In the case of Mitchell against Milwaukee, the contractor had committed a breach of his contract, and the city was thereby released from all obligation to permit him to do the work. That contract was at an end, and the contract entered into was a new contract.
It does not matter whether Hider and his surety were released from liability on the contract or not, and therefore the other authorities relied upon by the counsel for the appellants are not in point. If it were conceded that Hider was- released, it would not follow either that the city or property holders were released, or that the transfer of the contract to appellees was the making of a new contract to improve 18th street.
2. The appellants’ ground all lies west of Eighteenth street, and has not been laid out into squares, and has no streets running through it at right angles with that street, and they have, therefore, no corner lots; but in making the apportionment against each of them, they were charged 25 per cent, additional as upon corner lots 30 [451]*451feet wide and 200 feet deep. We are of opinion that this was incorrect. Dulaney & Co. v. Bowman & Co., Mss. Opinion.

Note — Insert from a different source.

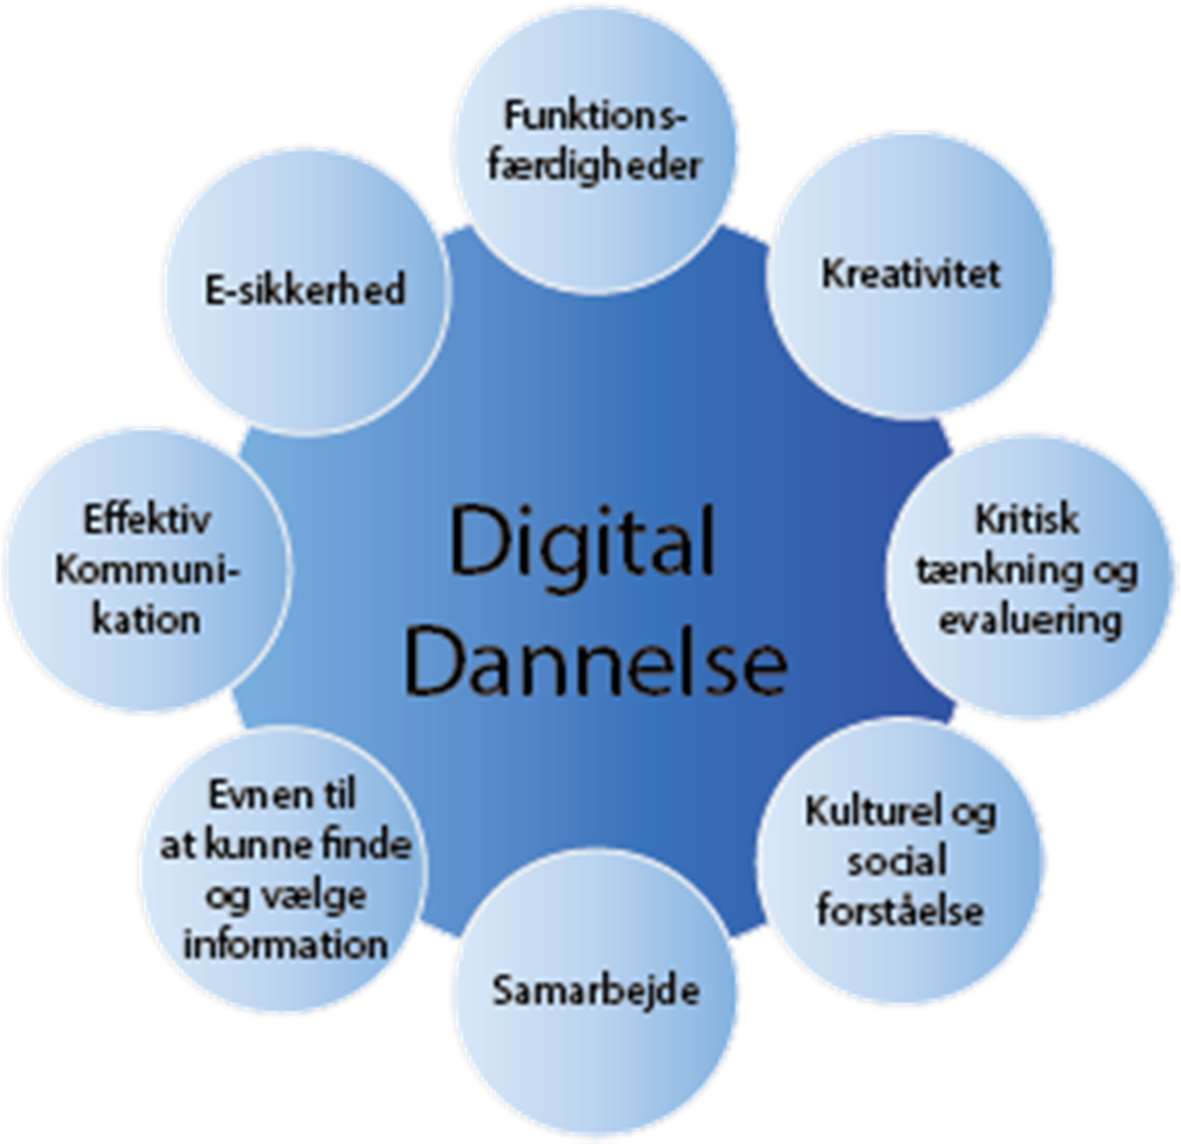 Digital dannelse Der findes flere forskellige definitioner af digital dannelse, men fælles for dem er, at de handler om at kunne begå sig socialt, etisk og kritisk i en digital verden.

It is only when the ground has been divided into squares that the charter authorizes an additional assessment upon corner lots, and as the appellants pointed out in their answer, this specific error in the apportionment it should have been corrected. It is true the error amounts to but little, but the amounts are sufficient to prevent the cases from falling within the maxim that the law does not regard small matters.
Wherefore the judgments against the appellants, Bristow, Merriweather, and Cain and wife are each reversed, and the causes are remanded with directions to correct the apportionment as herein directed, and then to render judgment for the amounts thus ascertained to be due.